TRIBUNJAMBI.COM, JAMBI – Kepala Dinas Komunikasi dan Informatika (Kominfo) Kota Jambi, Saleh Ridha, menyatakan keyakinannya bahwa Timnas Prancis akan melangkah jauh di Piala Dunia 2026.
Ia bahkan percaya bahwa Les Bleus berpeluang besar kembali menembus partai final dan berpotensi mengangkat trofi juara dunia.
"Prancis itu sampai final, bahkan juara," ujar Saleh Ridha dalam perbincangan dengan Tribunjambi.com pada Rabu (3/6/2026).
Menurutnya, skuad Prancis saat ini dihuni oleh para pemain yang tengah berada di puncak performa. Kehadiran kapten Kylian Mbappe menjadi salah satu faktor utama yang membuat Les Bleus pantas difavoritkan.
"Mbappe sedang dalam performa terbaik. Dia pemain yang bisa mengubah jalannya pertandingan kapan saja," katanya.
Selain Mbappe, Saleh Ridha juga menilai keberhasilan sejumlah pemain Paris Saint-Germain (PSG) menjuarai Liga Champions Eropa musim lalu akan memberikan dorongan mental positif bagi Timnas Prancis.
"PSG juara Liga Champions. Mental juara itu bisa terbawa ke tim nasional. Banyak pemain Prancis yang sudah merasakan atmosfer kemenangan di level tertinggi Eropa," ujarnya.
Di posisi penjaga gawang, Saleh Ridha menaruh kepercayaan besar pada Mike Maignan. Ia menilai kiper itu mampu menjadi benteng terakhir yang tangguh bagi lini pertahanan Prancis.
Menurutnya, kekuatan Les Bleus juga terletak pada barisan pertahanan yang diisi oleh pemain-pemain berkualitas.
"Di depan Maignan ada pemain seperti Theo Hernandez, Saliba, Konate, dan Kounde.

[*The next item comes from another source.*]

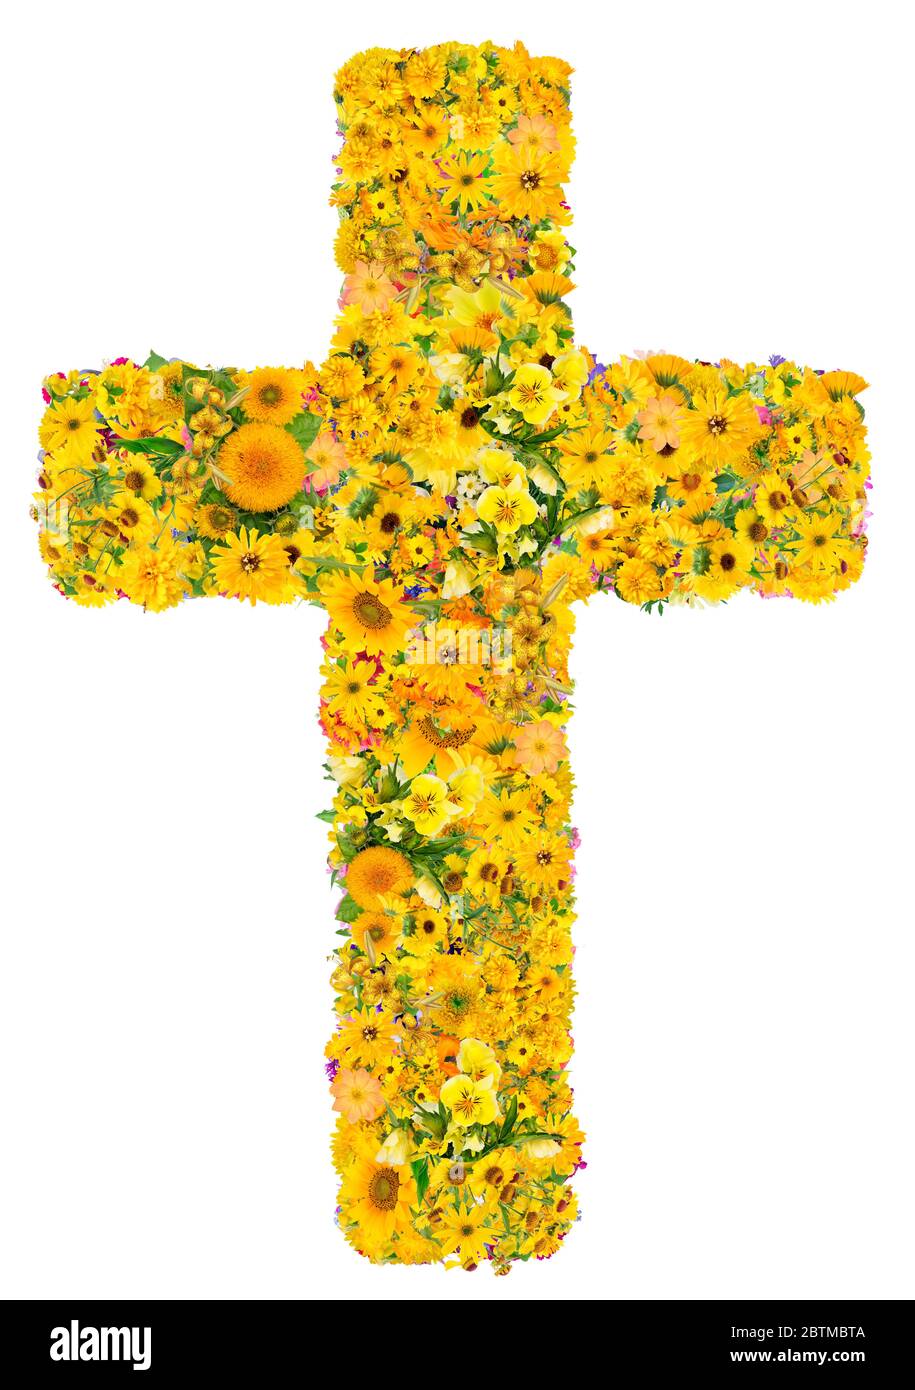 Golden cross of Jesus in my heart  save the world from disease.  Handmade collage from yelloe  summer flowers. Isolated on white Stock Photo

Itu pertahanan yang sulit ditembus," tuturnya.
Prancis Datang dengan Skuad Bertabur Bintang
Secara komposisi, Prancis memang menjadi salah satu kandidat kuat untuk merebut gelar juara dunia. Tim asuhan Didier Deschamps memiliki keseimbangan di setiap lini.
Di sektor belakang, terdapat kombinasi pemain seperti William Saliba, Ibrahima Konate, Jules Kounde, dan Theo Hernandez yang dikenal kuat dalam bertahan sekaligus berperan dalam membantu serangan.
Pada lini tengah, Prancis mengandalkan keseimbangan permainan lewat Aurelien Tchouameni, Adrien Rabiot, dan N'Golo Kante.
Sementara di lini depan, Les Bleus memiliki deretan pemain tajam seperti Kylian Mbappe, Ousmane Dembele, Michael Olise, Desire Doue, dan Marcus Thuram.
Strategi Didier Deschamps
Didier Deschamps dikenal sebagai pelatih yang menekankan keseimbangan dalam permainan. Ia tidak selalu mengandalkan serangan total, melainkan fokus membangun tim yang efisien dan sulit dikalahkan.
Formasi 4-3-3 dan 4-2-3-1 menjadi pola yang sering diterapkannya. Saat menyerang, Prancis banyak memanfaatkan kecepatan transisi dari sayap menuju area pertahanan lawan.
Peran Mbappe dinilai sangat krusial berkat kecepatannya, kemampuan menggiring bola, serta penyelesaian akhir yang selalu menjadi ancaman bagi lawan.
Dengan kombinasi antara pemain berpengalaman, talenta muda, serta pengalaman Didier Deschamps di level internasional, Prancis kembali menjadi salah satu tim yang diperhitungkan dalam perebutan gelar juara dunia.
Bagi Saleh Ridha, modal tersebut sudah cukup untuk membawa Les Bleus kembali tampil di partai puncak.
"Kalau saya tetap yakin, Prancis final. Bahkan bisa juara dunia lagi," tegasnya.